= Beginning of Section =

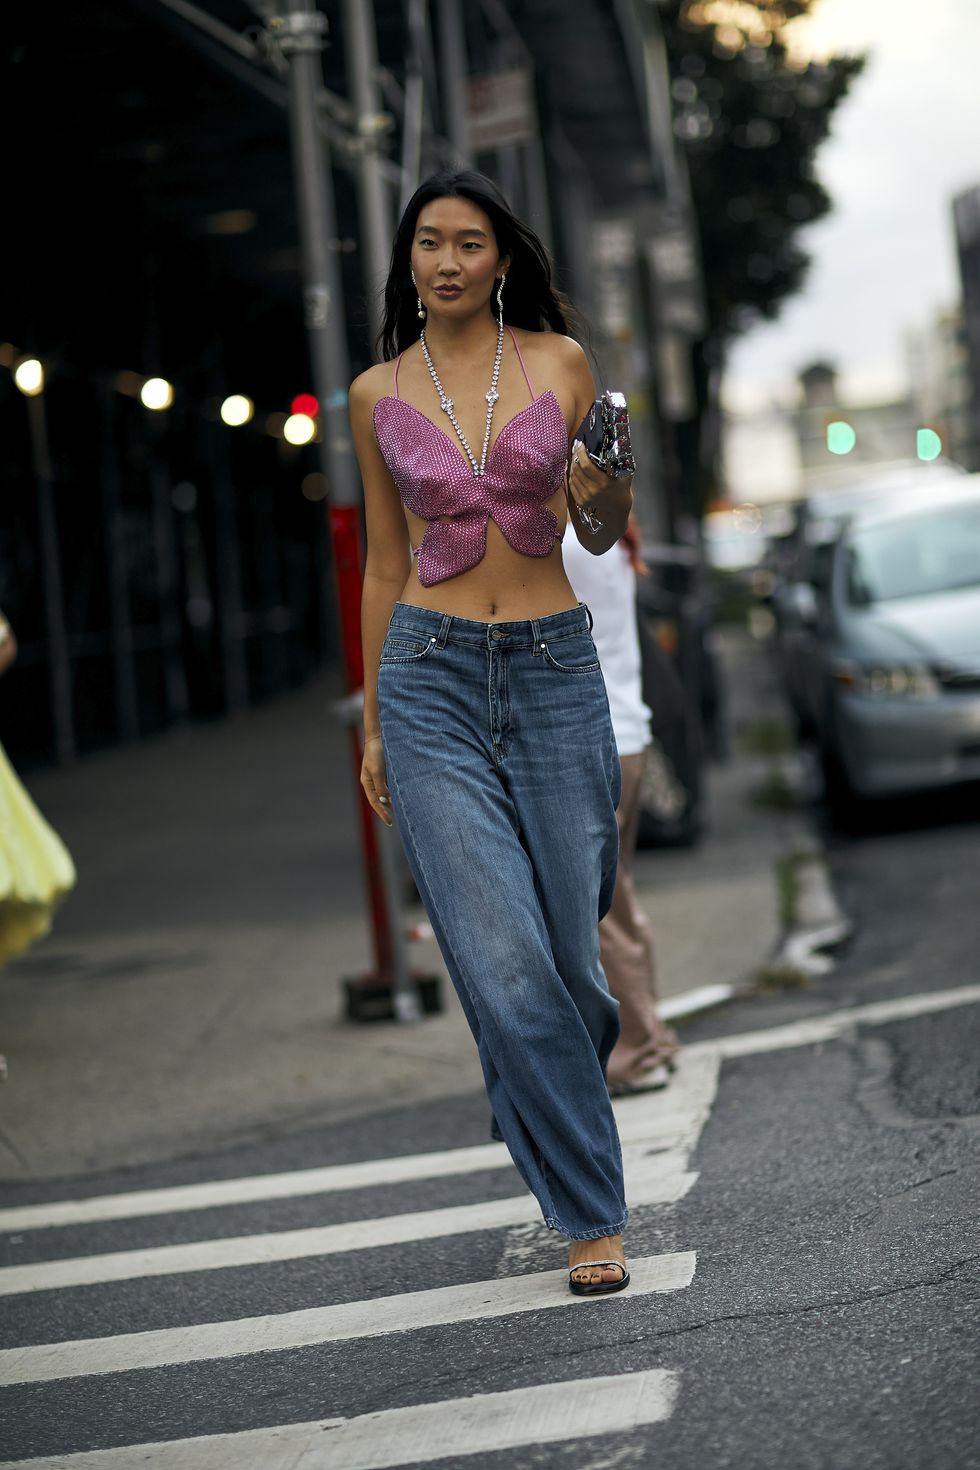 Model on jean looks really good on NYC streets
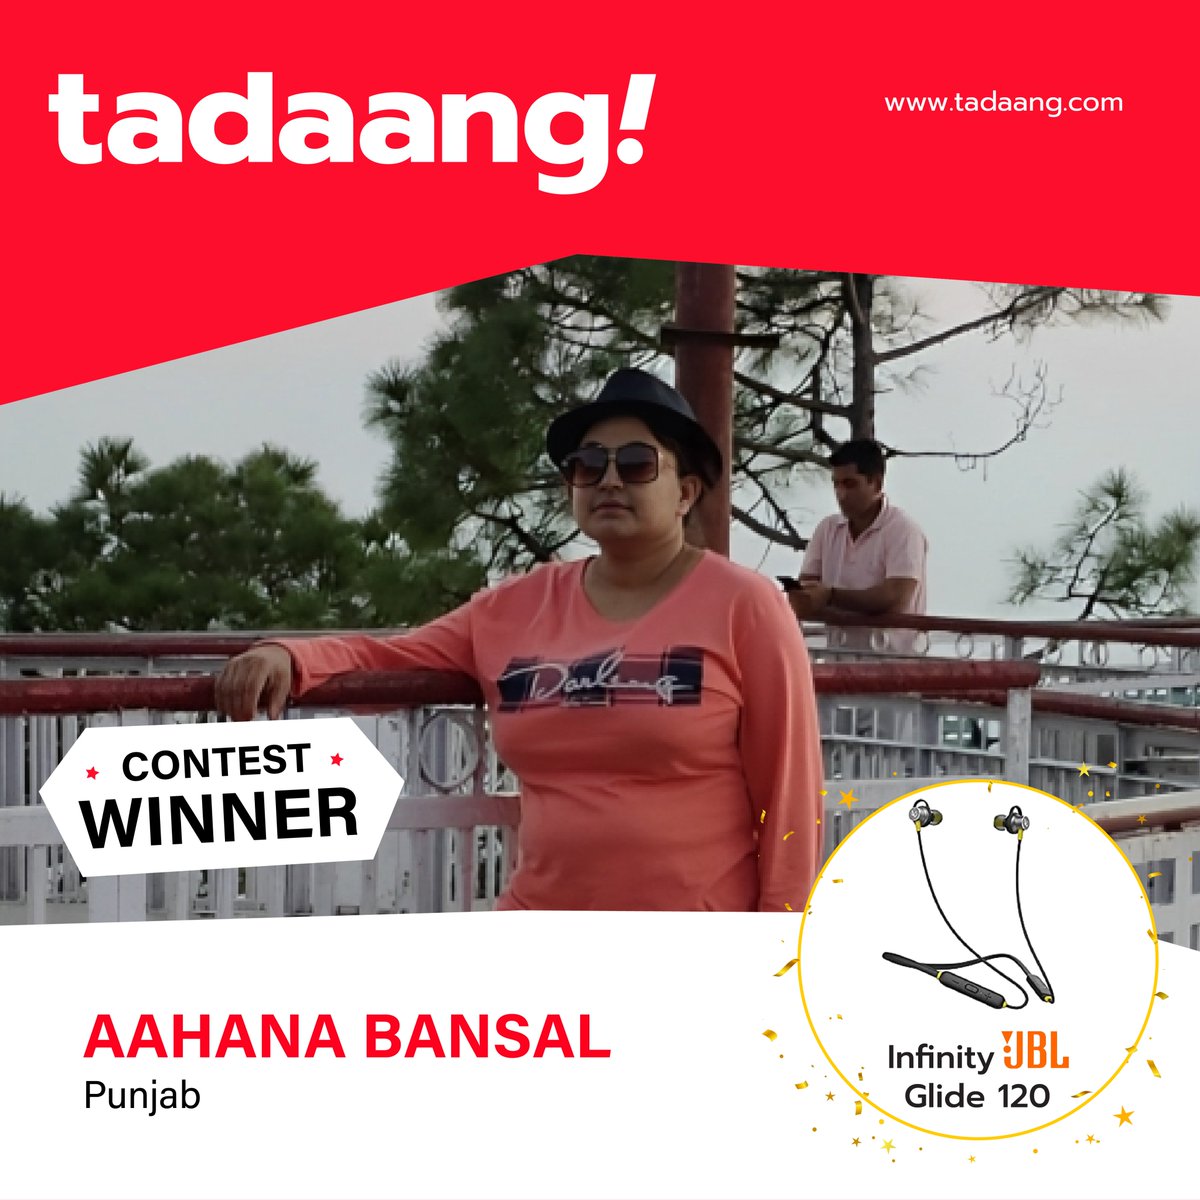 Congratulations to Aahana Bansal from Punjab, who is our weekly contest winner. She wins a neckband from Infinity - Glide 120. You can also play on Tadaang and win special prizes at tadaang.com/contest

#tadaang #winwithtadaang #contest #tadaangcontests #JBL #infinityglide120
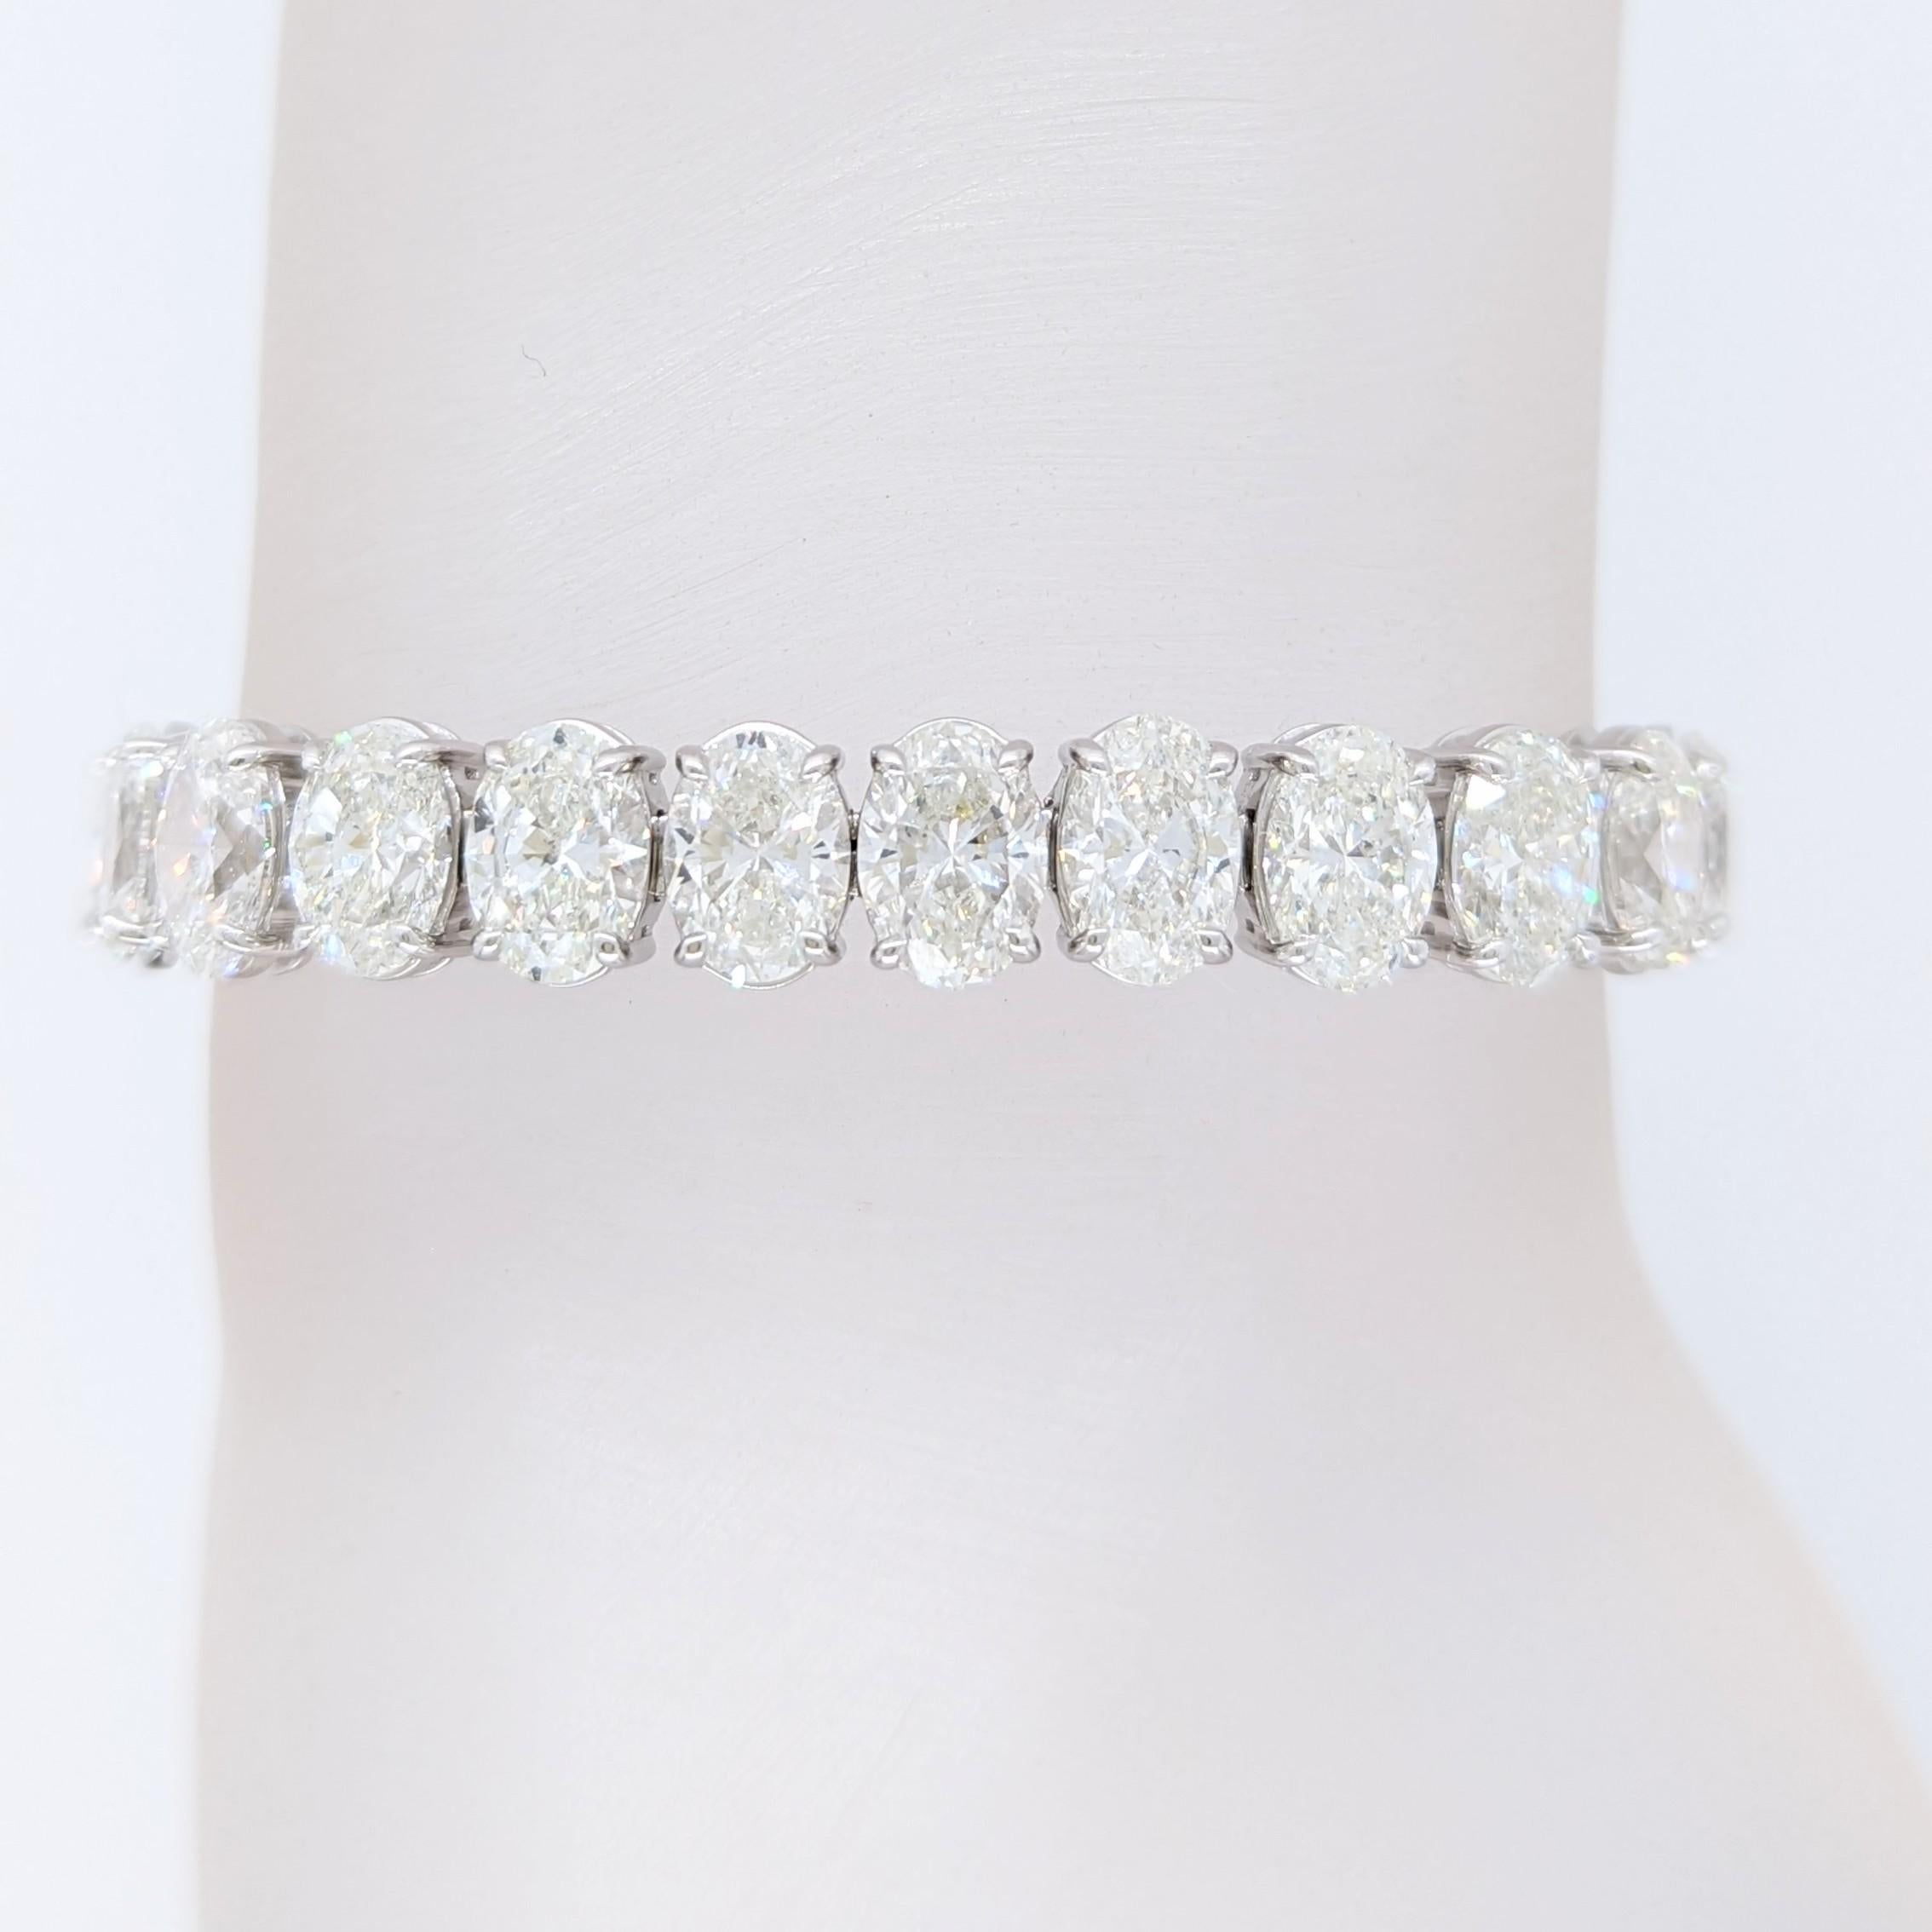 Absolutely stunning 31.18 ct. EFG SI1-SI2 white diamond ovals bracelet.  Each stone is about 1 carat with a total of 31 stones.  Handmade in platinum.  Length is 7
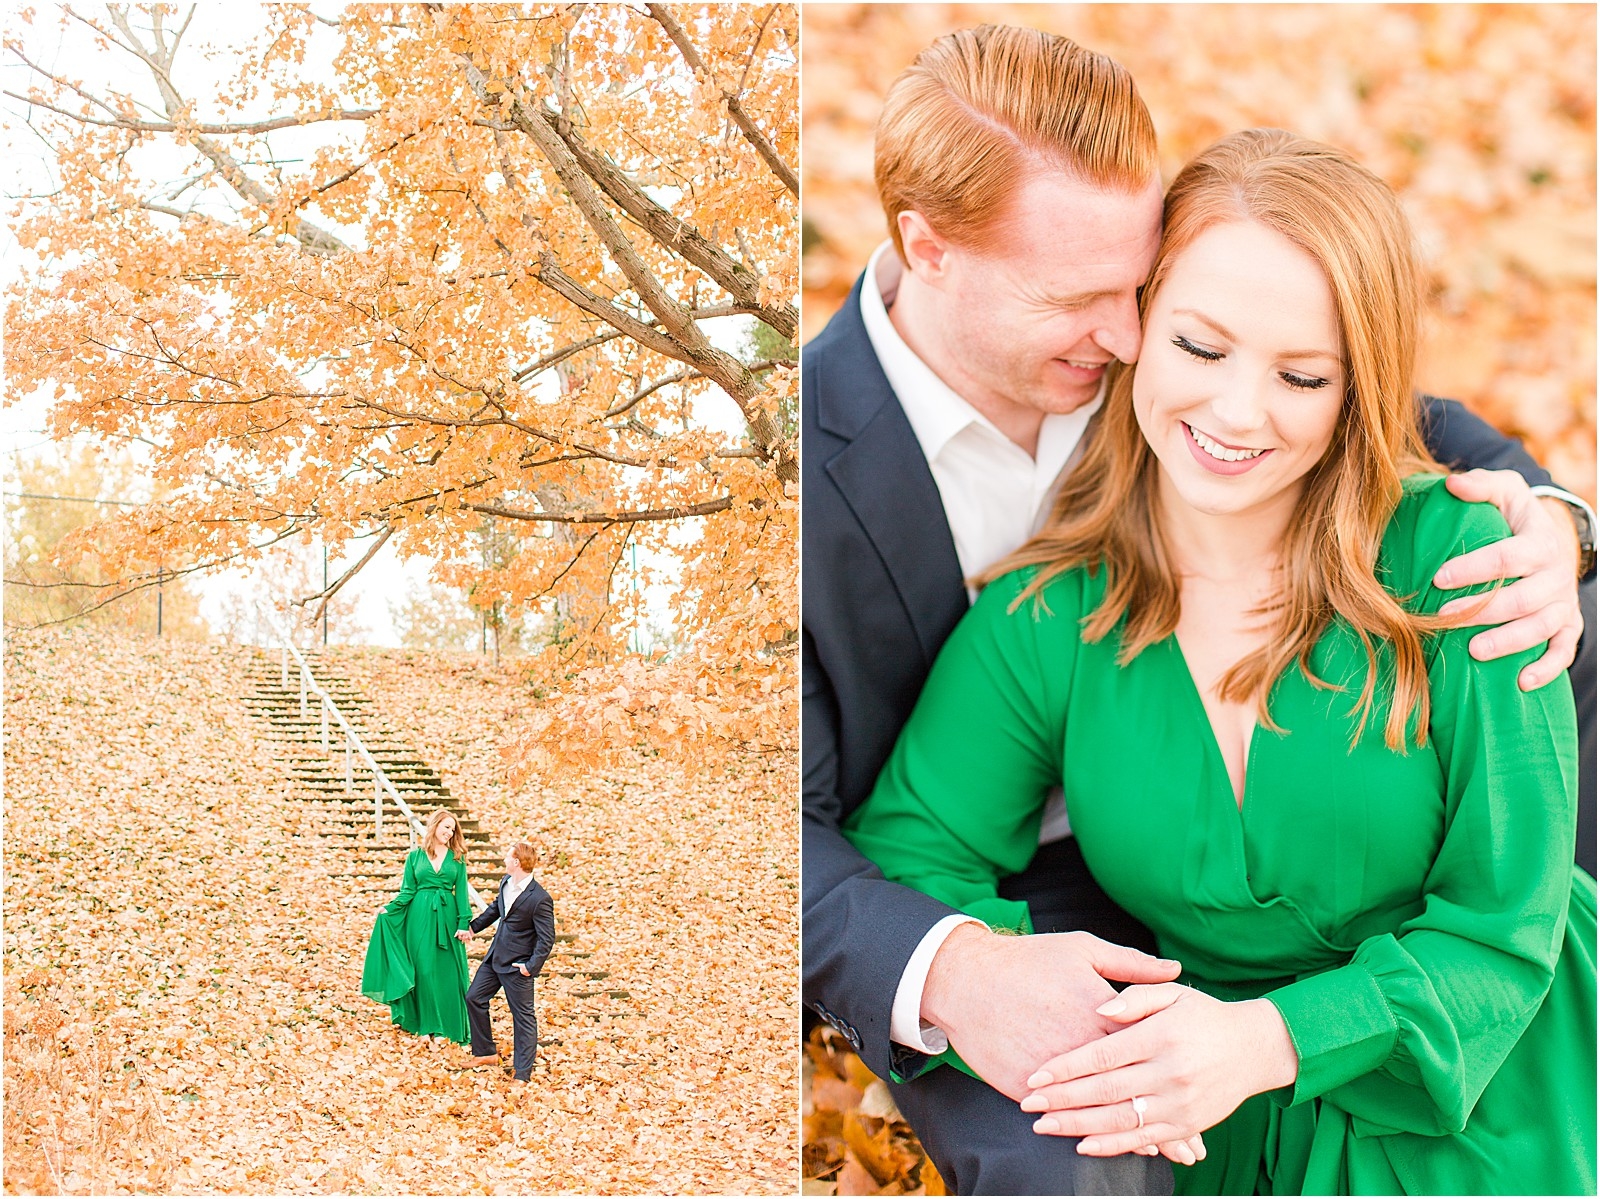 A Mesker Park Zoo Engagement Session | Jennah and Steve | Bret and Brandie Photography019.jpg

= End of Section =

* [About this exercise]:
Only the lines from the one with "Congratulations to Aahana" through the final line of the entries belong in the answer, set down exactly, with both ends included and no pictures.

* [Exercise result]:
 Congratulations to Aahana Bansal from Punjab, who is our weekly contest winner. She wins a neckband from Infinity - Glide 120. You can also play on Tadaang and win special prizes at tadaang.com/contest

#tadaang #winwithtadaang #contest #tadaangcontests #JBL #infinityglide120
 Absolutely stunning 31.18 ct. EFG SI1-SI2 white diamond ovals bracelet.  Each stone is about 1 carat with a total of 31 stones.  Handmade in platinum.  Length is 7
 A Mesker Park Zoo Engagement Session | Jennah and Steve | Bret and Brandie Photography019.jpg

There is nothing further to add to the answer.